Не взяв из рук дьяка письма, Василий поднялся по ступеням крыльца в хоромы.


* * *

Едва порог переступил, навстречу князь Одоевский. Заметил Василия, посторонился. Государь бровью повёл.

– Пошто шарахаешься?

Одоевского мороз продрал. Рот открыт, а слово не вылетает. Василий сказал угрюмо:

– Рыбой зеваешь. Аль вину за собой каку чуешь? Подступился, в глаза заглянул, как в душу забрался.

Одоевский чем-то напоминал Василию Юрия. Хотел сказать: «С братом моим ты, князь Ивашка, схож очами. А может, и шкодливостью.

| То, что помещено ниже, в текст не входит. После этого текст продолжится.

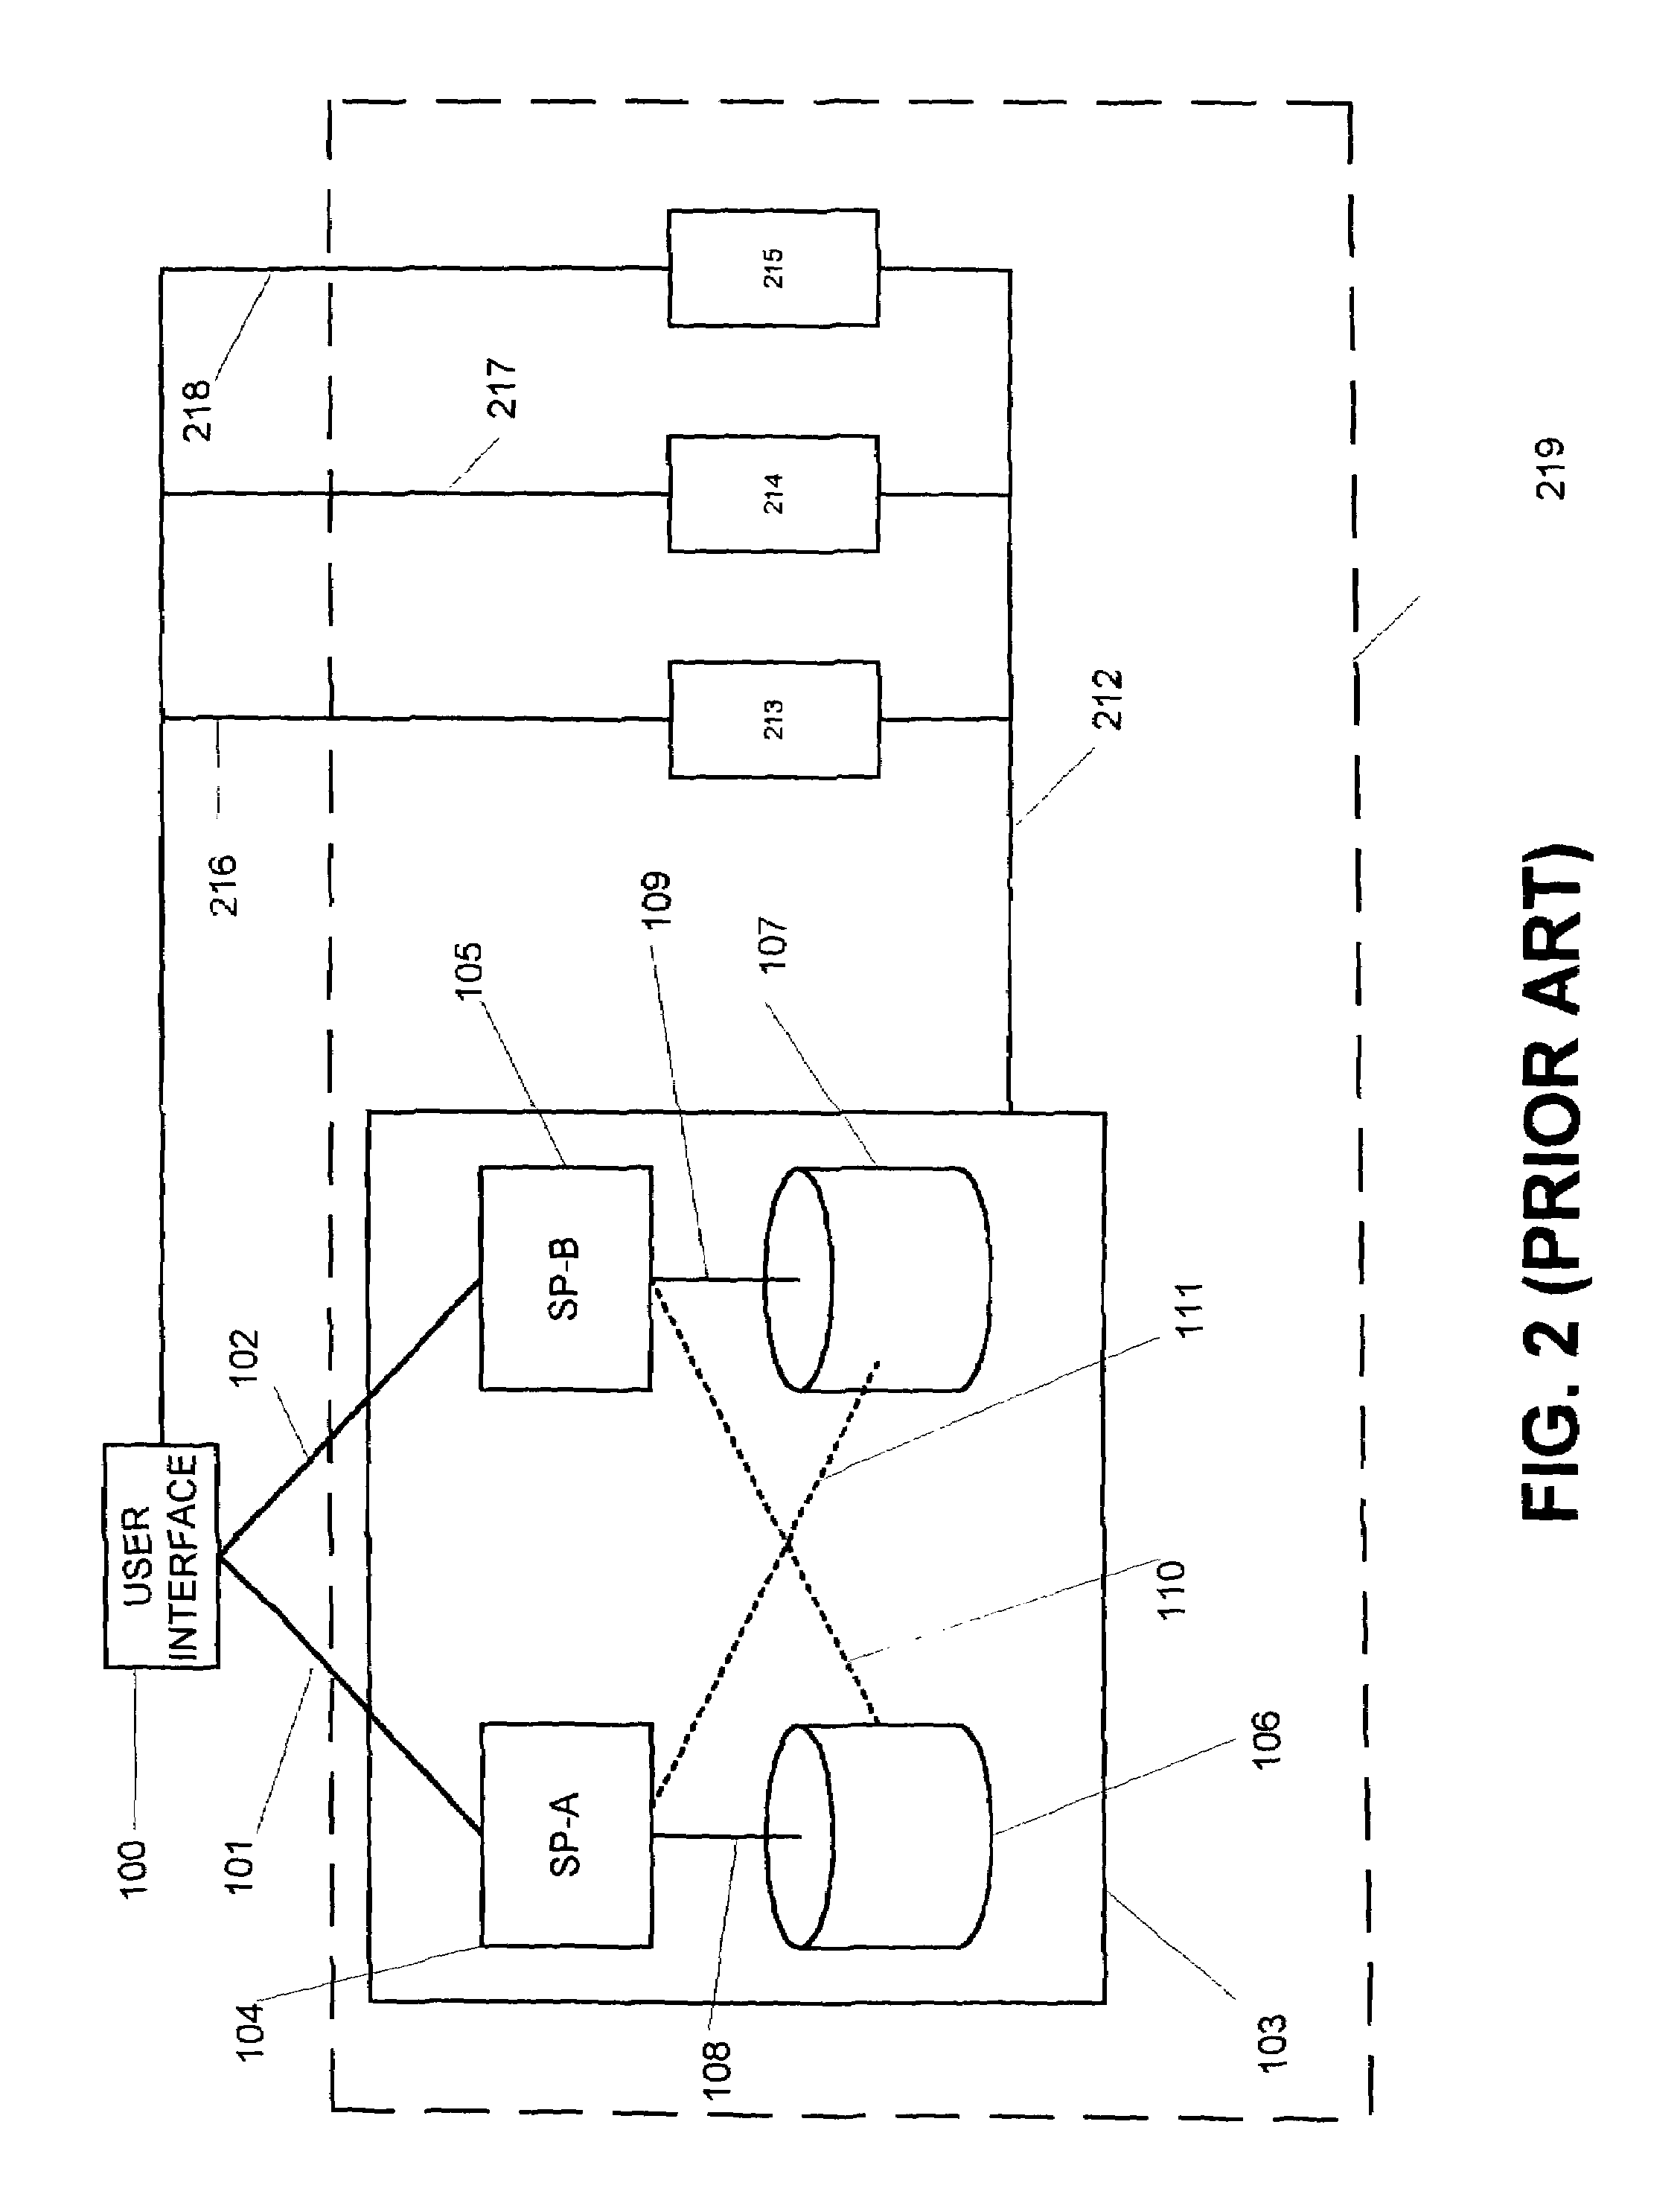 Single management point for a storage system or storage area network

Все вы храбры, пока вам в лик не заглянешь». Но промолчал, оставил Одоевского в покое. В горницу зашёл, опустился в кресло, задумался.

Не по разуму живут братья, злобствуют, у гроба отца уделов себе требовали, свару норовили затеять. Нынче с недругом сносятся, привечают. Юрию не терпится, знает, за бездетностью Соломонии ему государем после него, Василия, быть…

Выбранился вслух:

– Окаянные, усобники подлые!


* * *

Михаиле Плещееву в Дмитров ехать неохота. Наказал государь без Юрия не ворочаться. А Михайло знает, у дмитровского князя воров есть. Ну как не пожелает ехать на Москву? Чать, зовут не на пироги. Пред грозными очами государя стоять Юрию, держать ответ за литовского посла.

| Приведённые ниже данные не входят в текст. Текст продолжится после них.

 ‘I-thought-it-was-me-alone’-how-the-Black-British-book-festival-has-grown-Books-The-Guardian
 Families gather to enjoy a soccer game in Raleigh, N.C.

Плещееву и путь не ахти какой дальний, в неделю обернуться можно, а всё затягивает, со дня на день поездку откладывает. Когда же боле тянуть было невмоготу и Плещеев велел челяди собираться в путь, нежданно Лизута вестью обрадовал. Ехать Михаиле в Дмитров не потребно. Государь уже не гневается на брата Юрия. Дмитровский боярин Нефёд сообщил государю, что князь Юрий хоть и встречался с литовским послом, однако на уговоры епископа не поддался и государю своему, великому князю, не изменил.


* * *

Государь посла бесчестил, принимал не в Грановитой палате, при боярах думных, а у озера, на виду у холопов-рыбарей.

Слыхано ль? Этакого ещё на Москве не бывало, чтобы послу, да ещё литовскому, великий князь встречу давал при мужиках, холопах. Те невод завели. Один край у берега к шесту привязали, а от него сыплют сеть на самую глубину. Опоясали кольцом добрую часть озера, лодку к берегу подогнали, ждут государева знака.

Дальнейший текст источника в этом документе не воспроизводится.